Efficient Assessment of Developmental, Surgical and Pathological Lymphangiogenesis Using a Lymphatic Reporter Mouse and Its Embryonic Stem Cells.

Several lymphatic reporter mouse lines have recently been developed to significantly improve imaging of lymphatic vessels. Nonetheless, the usage of direct visualization of lymphatic vessels has not been fully explored and documented. Here, we characterized a new Prox1-tdTomato transgenic lymphatic reporter mouse line, and demonstrated how this animal tool enables the researchers to efficiently assess developmental, surgical and pathological lymphangiogenesis by direct visualization of lymphatic vessels. Moreover, we have derived embryonic stem cells from this reporter line, and successfully differentiated them into lymphatic vessels in vivo. In conclusion, these experimental tools and techniques will help advance lymphatic research.

Aberrant Activation of Notch Signaling Inhibits PROX1 Activity to Enhance the Malignant Behavior of Thyroid Cancer Cells.
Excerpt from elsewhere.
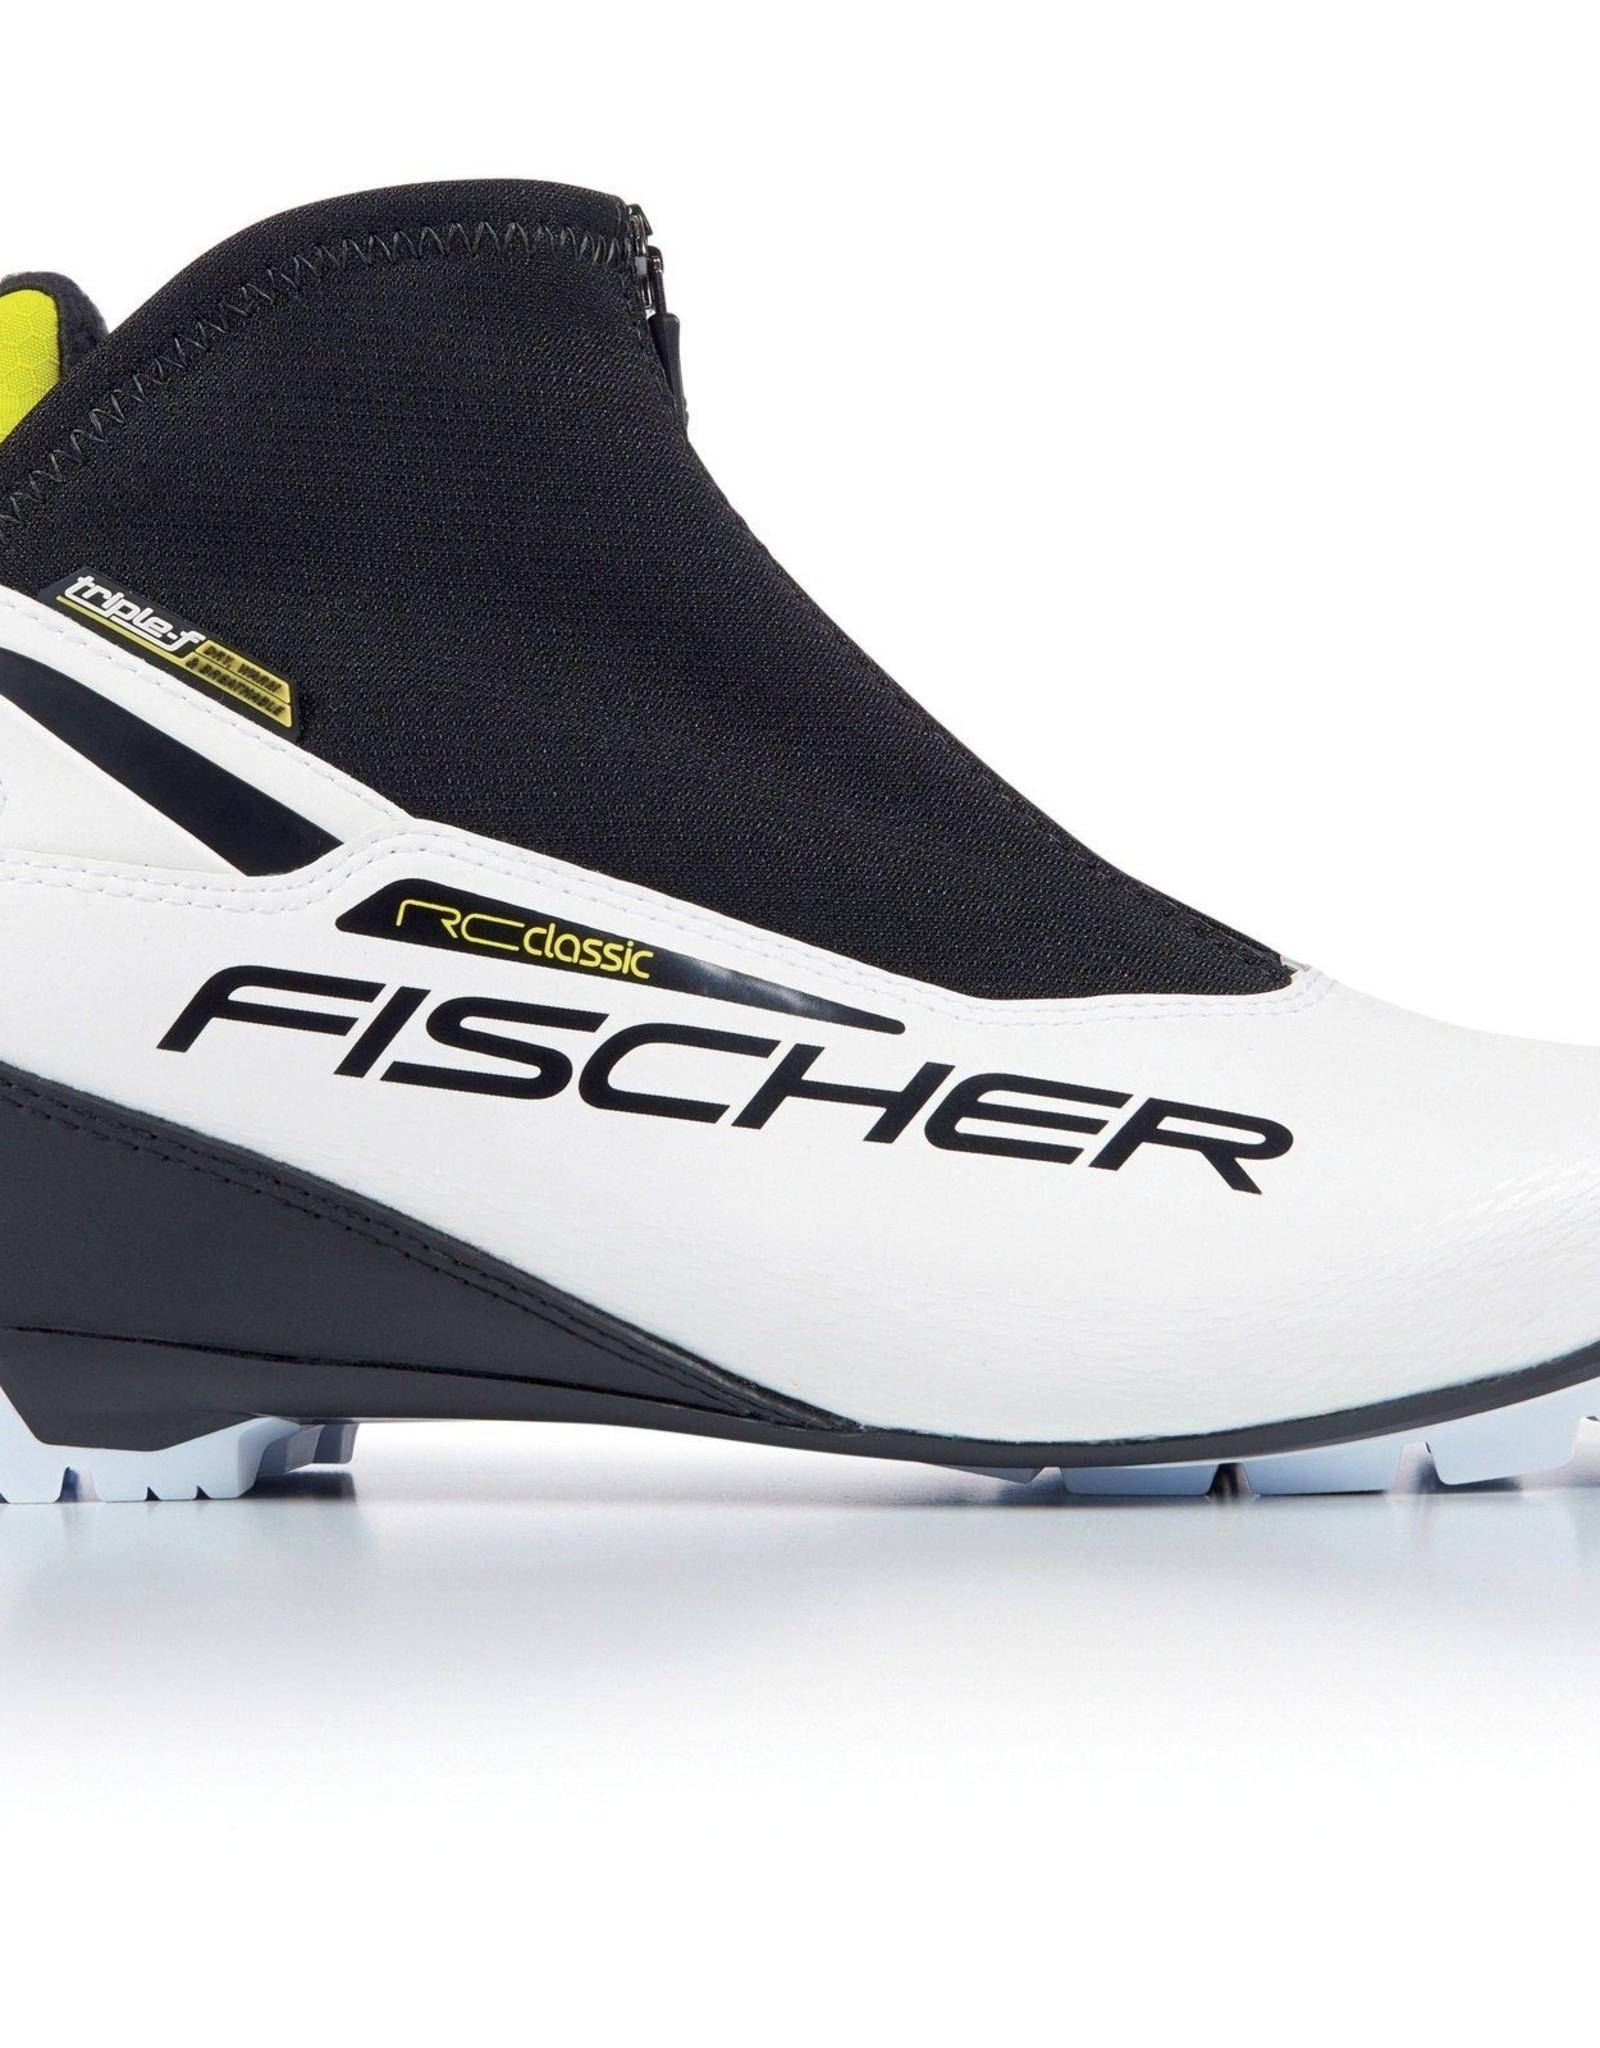 Fischer RC Classic WS Turnamic
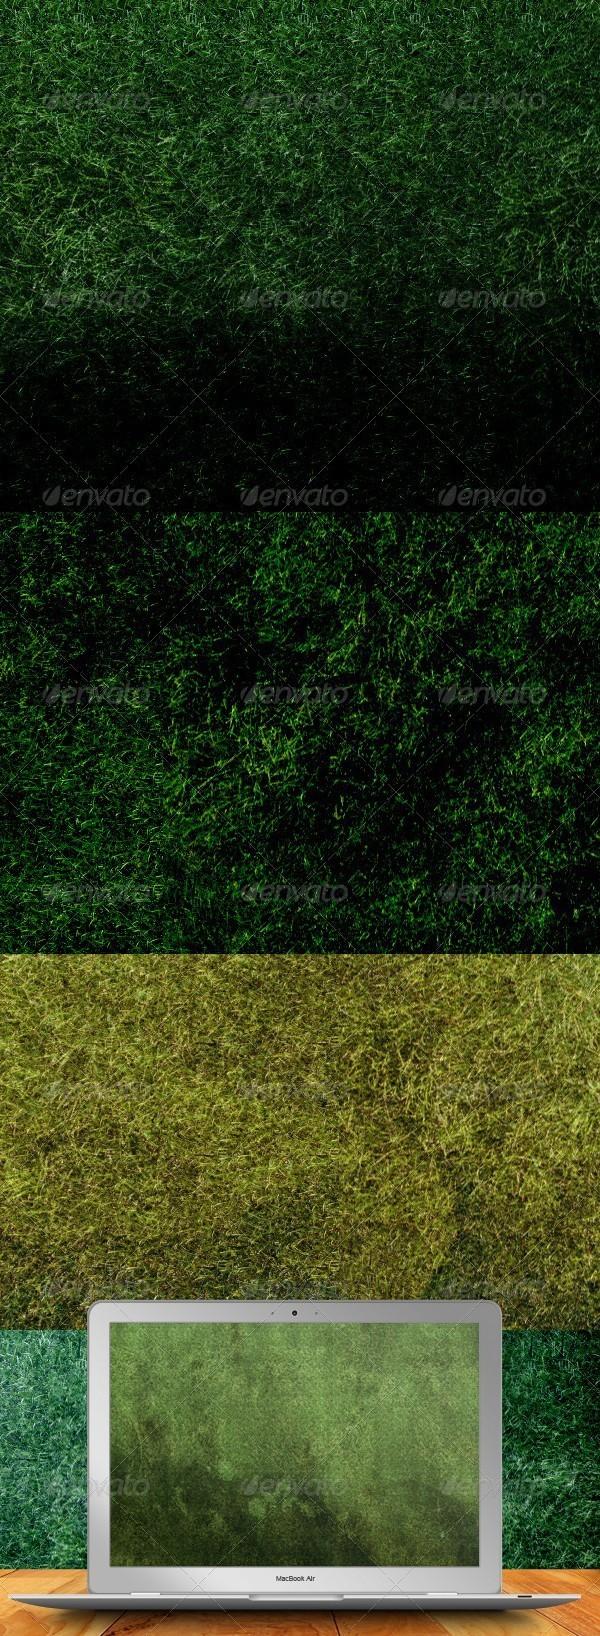 Grunge Grass Textures - Nature Textures

Papillary thyroid cancer (PTC) is one of the most common endocrine malignancies associated with significant morbidity and mortality. Although multiple studies have contributed to a better understanding of the genetic alterations underlying this frequently arising disease, the downstream molecular effectors that impact PTC pathogenesis remain to be further defined. Here, we report that the regulator of cell fate specification, PROX1, becomes inactivated in PTC through mRNA downregulation and cytoplasmic mislocalization. Expression studies in clinical specimens revealed that aberrantly activated NOTCH signaling promoted PROX1 downregulation and that cytoplasmic mislocalization significantly altered PROX1 protein stability. Importantly, restoration of PROX1 activity in thyroid carcinoma cells revealed that PROX1 not only enhanced Wnt/ß-catenin signaling but also regulated several genes known to be associated with PTC, including thyroid cancer protein (TC)-1, SERPINA1, and FABP4. Furthermore, PROX1 reexpression suppressed the malignant phenotypes of thyroid carcinoma cells, such as proliferation, motility, adhesion, invasion, anchorage-independent growth, and polyploidy. Moreover, animal xenograft studies demonstrated that restoration of PROX1 severely impeded tumor formation and suppressed the invasiveness and the nuclear/cytoplasmic ratio of PTC cells. Taken together, our findings demonstrate that NOTCH-induced PROX1 inactivation significantly promotes the malignant behavior of thyroid carcinoma and suggest that PROX1 reactivation may represent a potential therapeutic strategy to attenuate disease progression.

CXCR2 inhibition enhances sulindac-mediated suppression of colon cancer development.

Small chemical compound sulindac has been approved as a preventive approach against colon cancer for its effectiveness in treatment of precancerous adenoma. Due to its severe toxicities in the cardiovascular, gastrointestinal and renal systems, however, a combination of low-dose sulindac with other chemopreventive agents has been sought after as an alternative therapeutic strategy that could increase its effectiveness, while minimizing its adverse effects. To identify the promising alternative approach, we investigated the therapeutic potential of targeting the interleukin (IL)-8/CXCR2 pathway in colon cancer treatment using both loss-of-function (CXCR2 knockout) and gain-of-function (IL-8 overexpression) mouse models, as the IL-8/CXCR2 pathway has been shown to be activated in intestinal tumors of both human and experimental animals. We found that deletion of CXCR2 gene and ectopic expression of IL-8 suppresses and enhances, respectively, intestinal tumor development caused by a mutation in the APC gene. Moreover, a single copy deletion of CXCR2 gene resulted in abrogation of COX-2 and Gro-α upregulation in intestinal tumors caused by the APC mutation. Moreover, a single copy (heterozygote) deletion of CXCR2 gene was sufficient to synergize with a low-dose sulindac treatment in suppressing APCmin-induced intestinal polyposis. Together, our study provides a therapeutic justification of combined inhibition of CXCR2 and sulindac treatment in colon cancer prevention.